What is needed: All lines below starting at the one that holds "DEBBIE MUMM Christmas" and ending at the one that holds "Acer campbellii subsp." should be printed exactly, ends included. Pictures should not be printed, nor anything else.

Records:
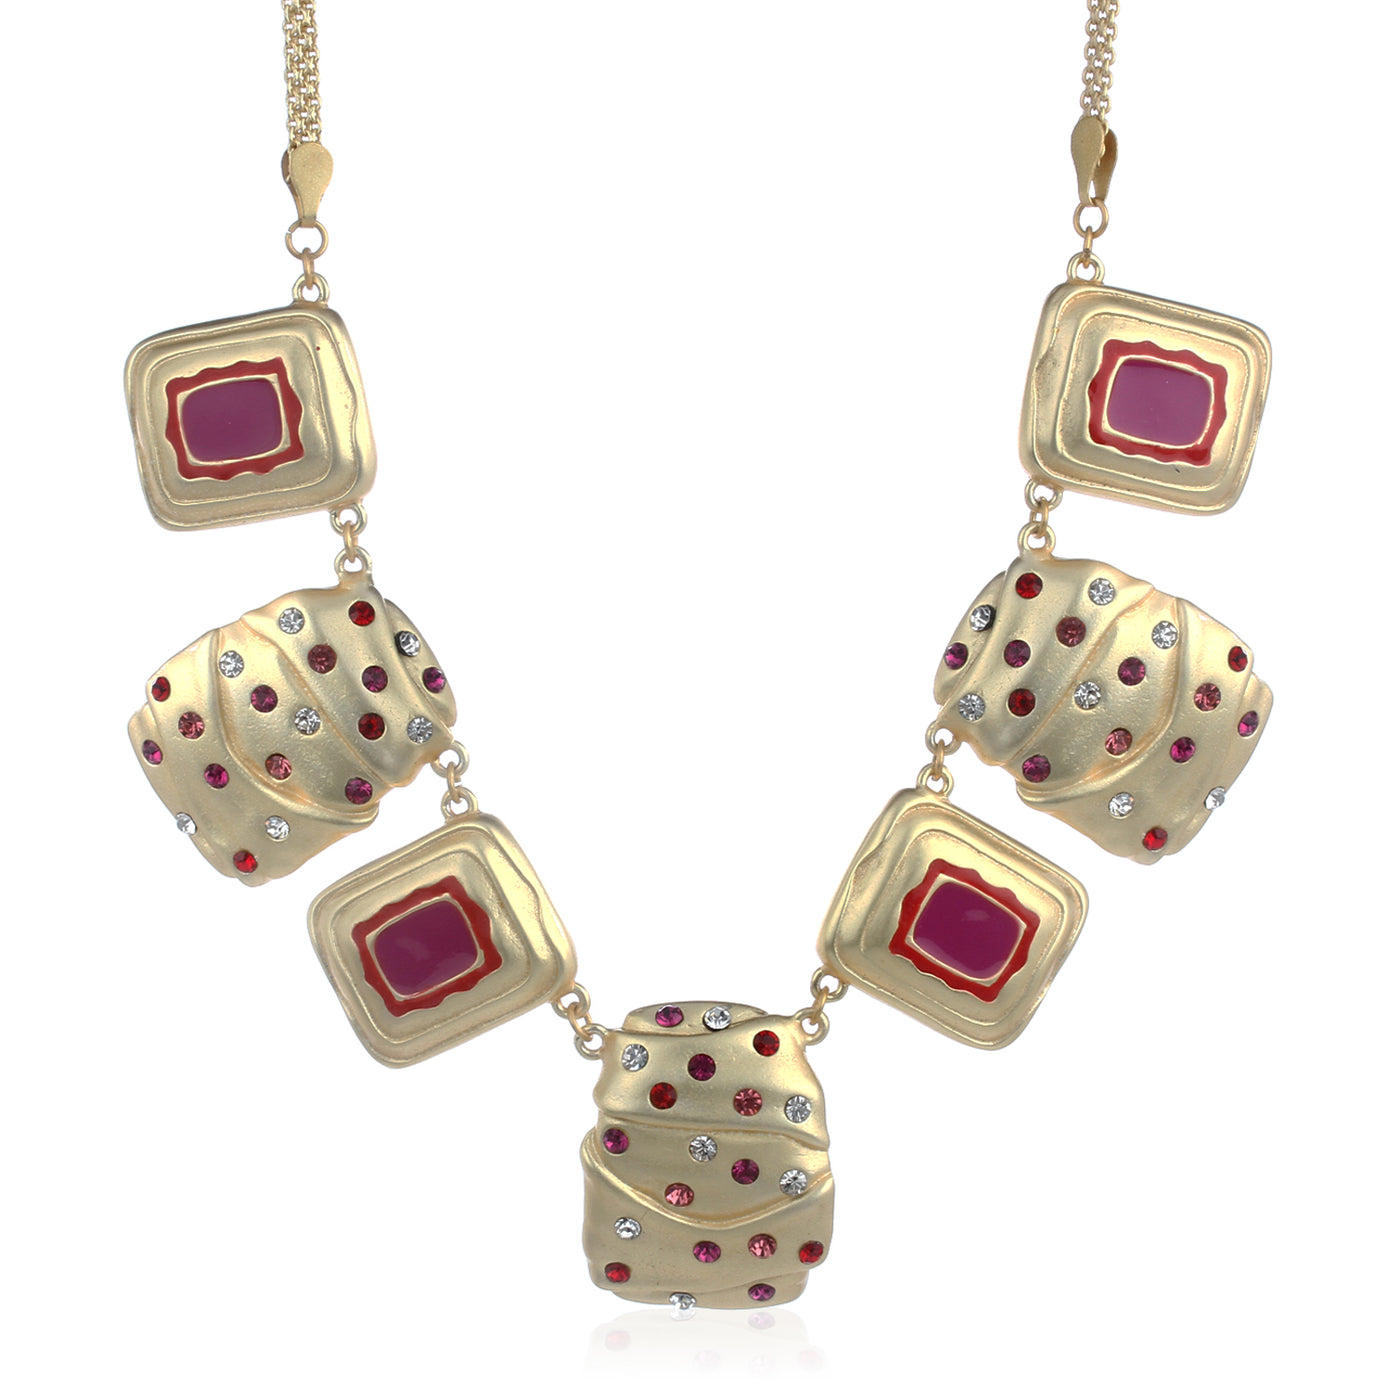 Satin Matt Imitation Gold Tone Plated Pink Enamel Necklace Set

...

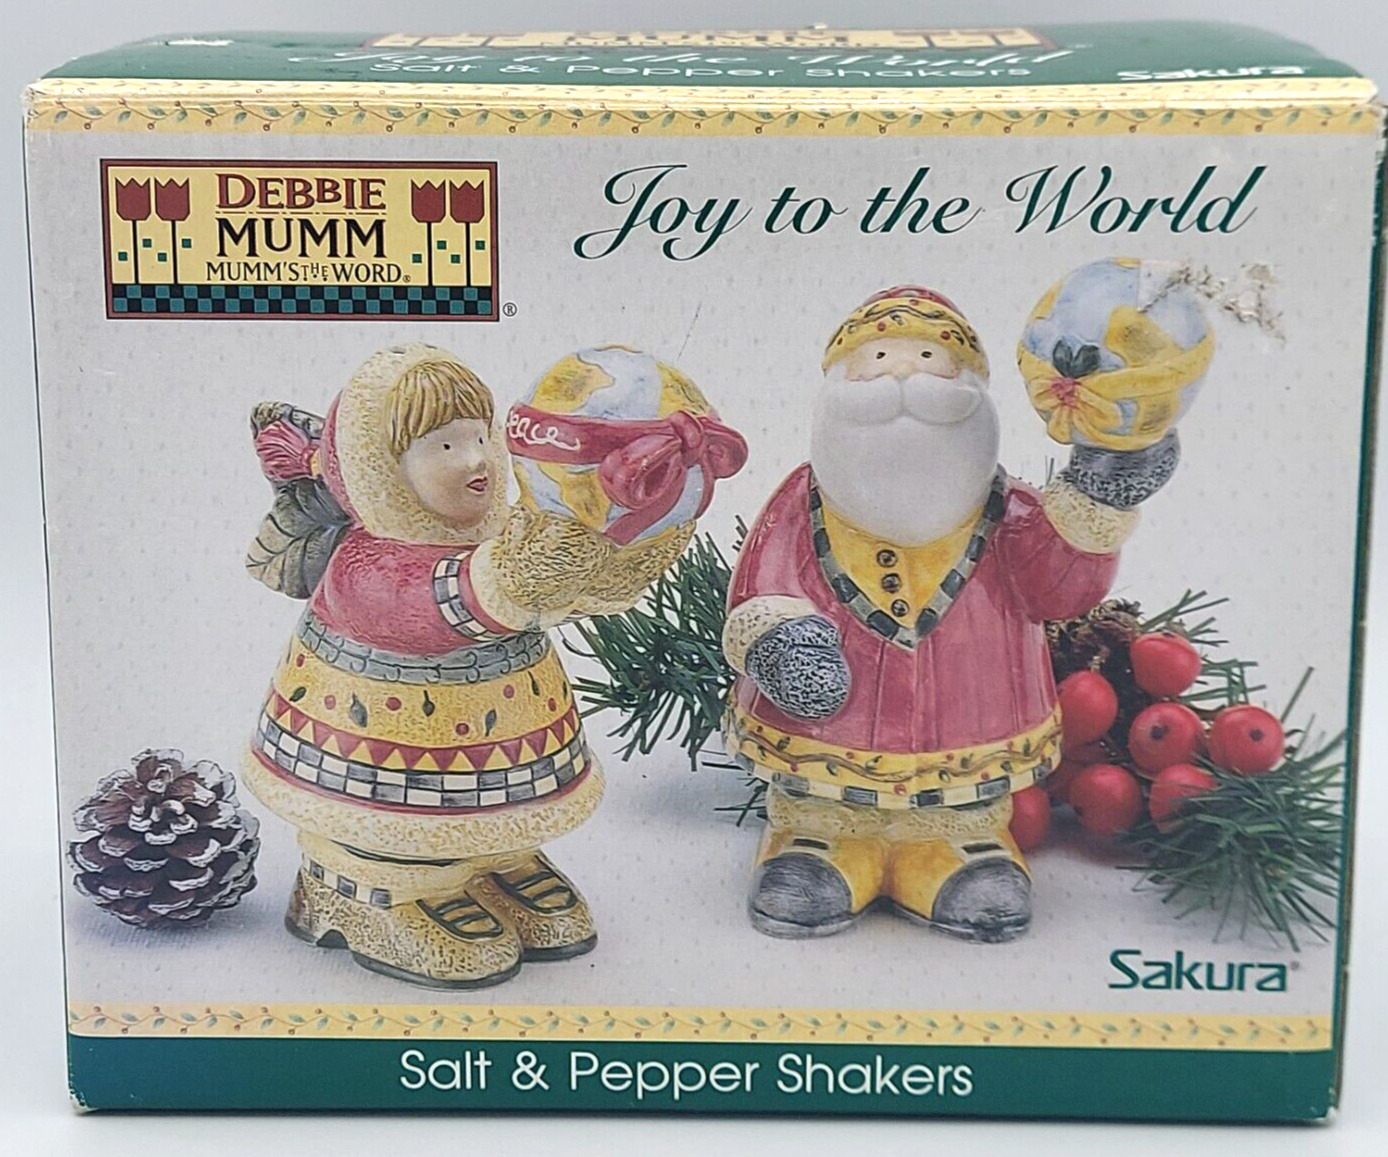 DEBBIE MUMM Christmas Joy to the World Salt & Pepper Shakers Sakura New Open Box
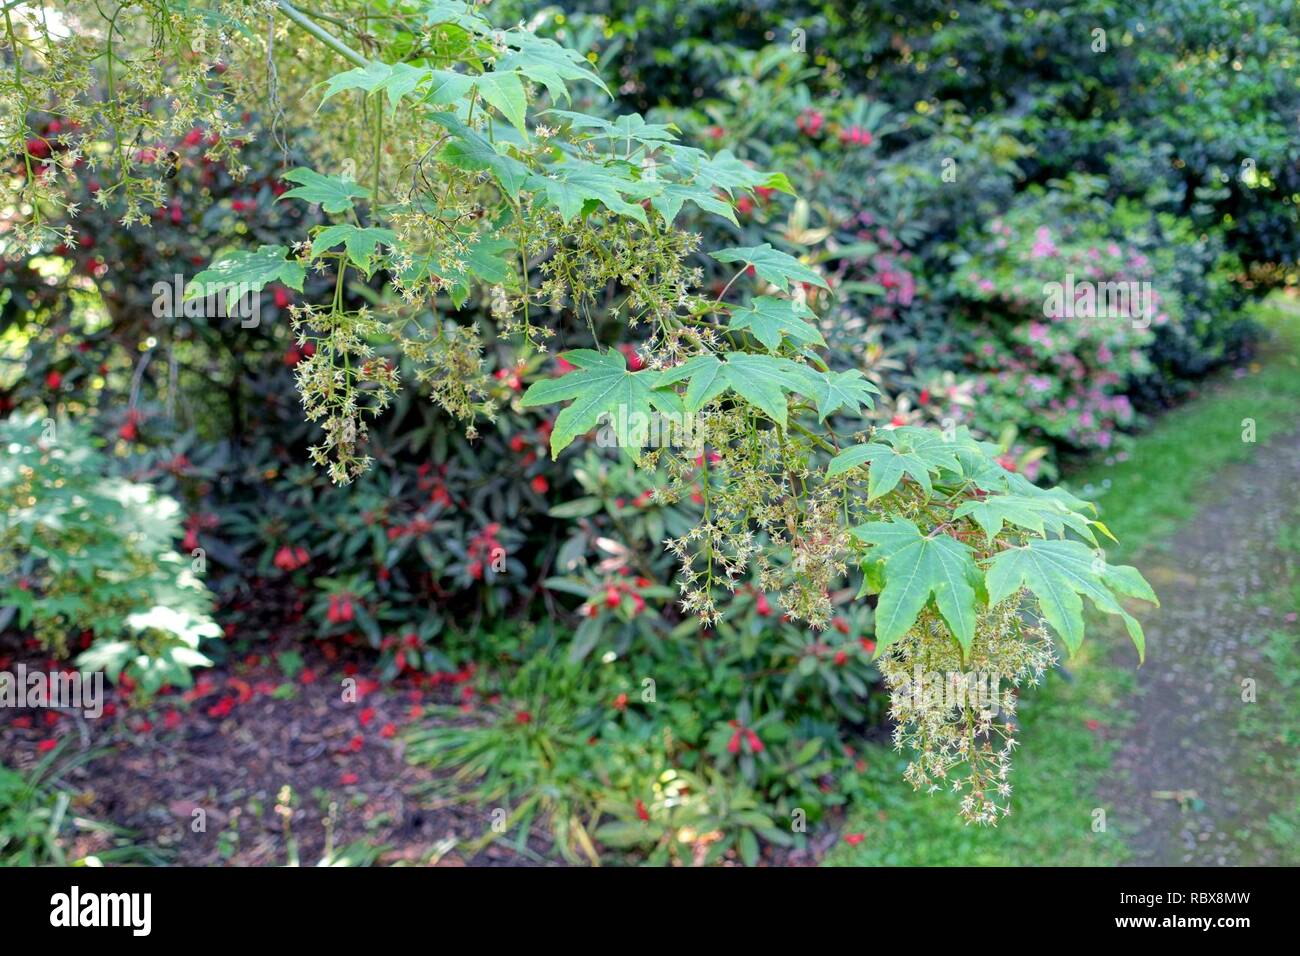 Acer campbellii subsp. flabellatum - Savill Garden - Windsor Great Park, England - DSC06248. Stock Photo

==

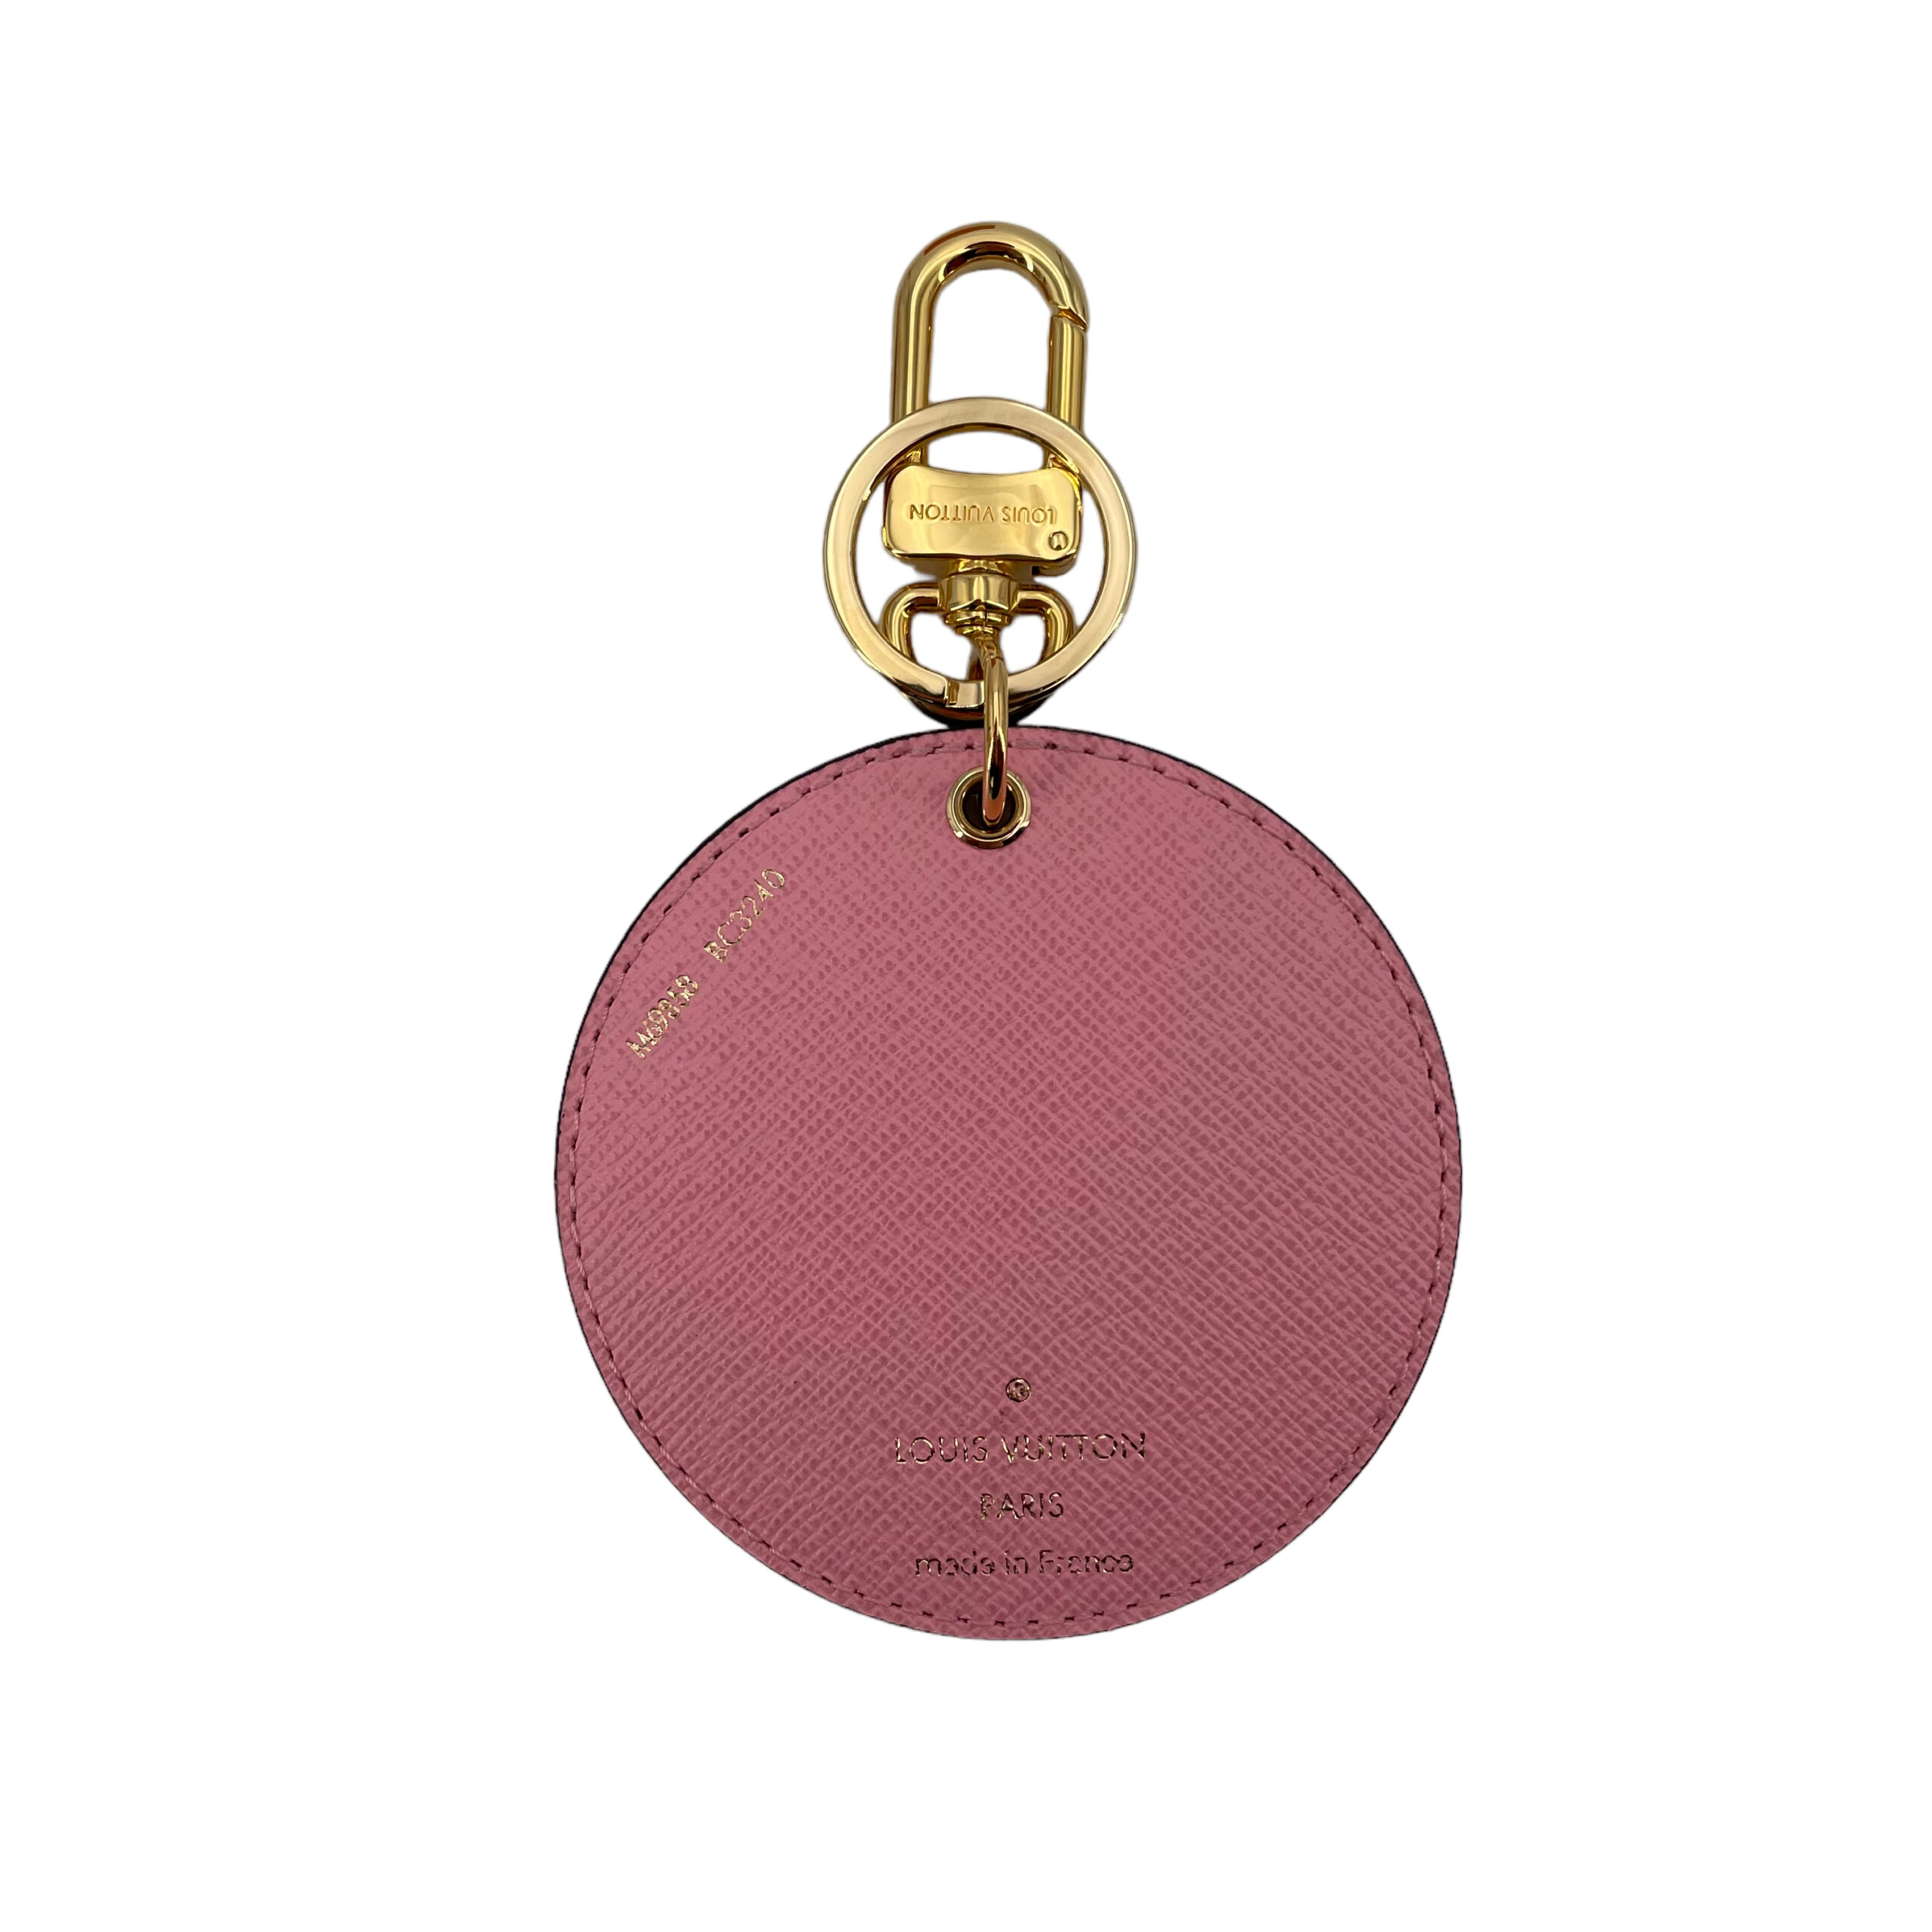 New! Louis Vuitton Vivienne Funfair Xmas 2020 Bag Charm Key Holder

Output:
 DEBBIE MUMM Christmas Joy to the World Salt & Pepper Shakers Sakura New Open Box
 Acer campbellii subsp. flabellatum - Savill Garden - Windsor Great Park, England - DSC06248. Stock Photo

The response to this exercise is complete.